Exercise inputs:
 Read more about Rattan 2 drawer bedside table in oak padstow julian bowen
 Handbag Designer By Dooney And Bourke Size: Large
* * *
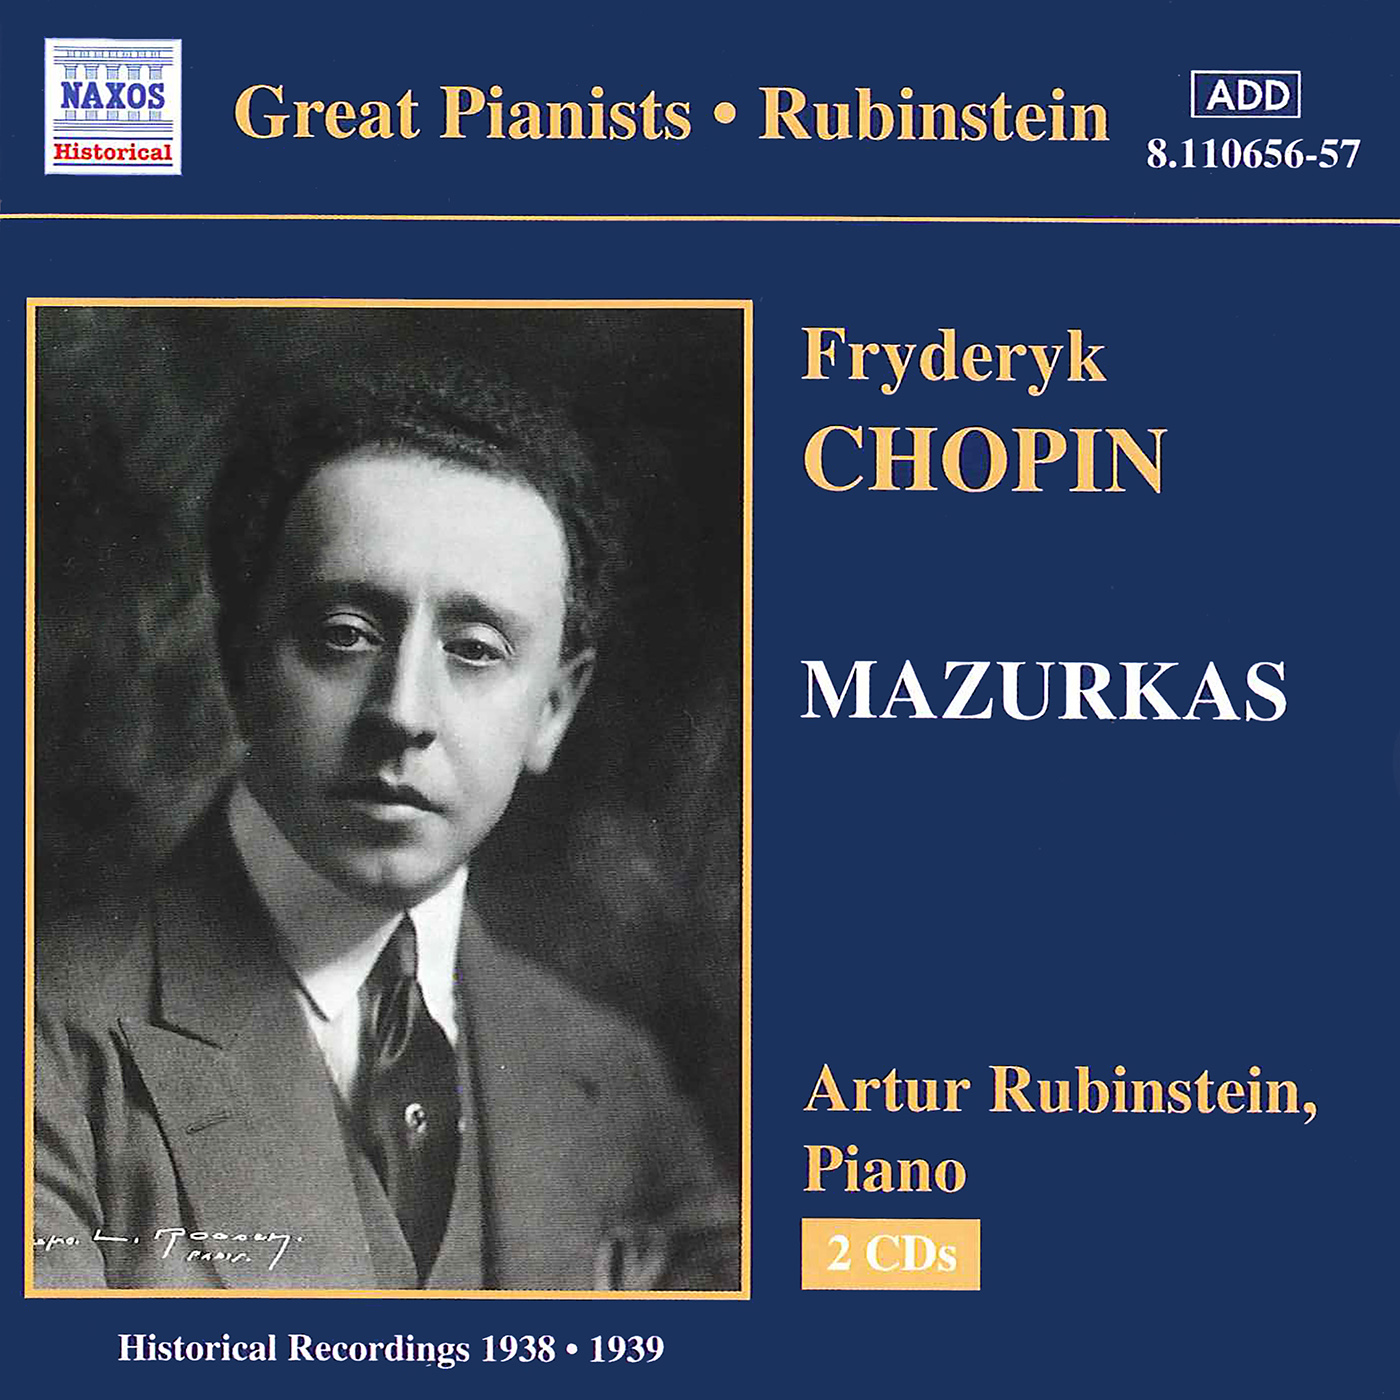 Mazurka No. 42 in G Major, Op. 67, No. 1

Your task: Print, from the entries above, the line with "Read more about", the line with "Handbag Designer By" and all lines between them, exactly and with nothing else.

Result:
 Read more about Rattan 2 drawer bedside table in oak padstow julian bowen
 Handbag Designer By Dooney And Bourke Size: Large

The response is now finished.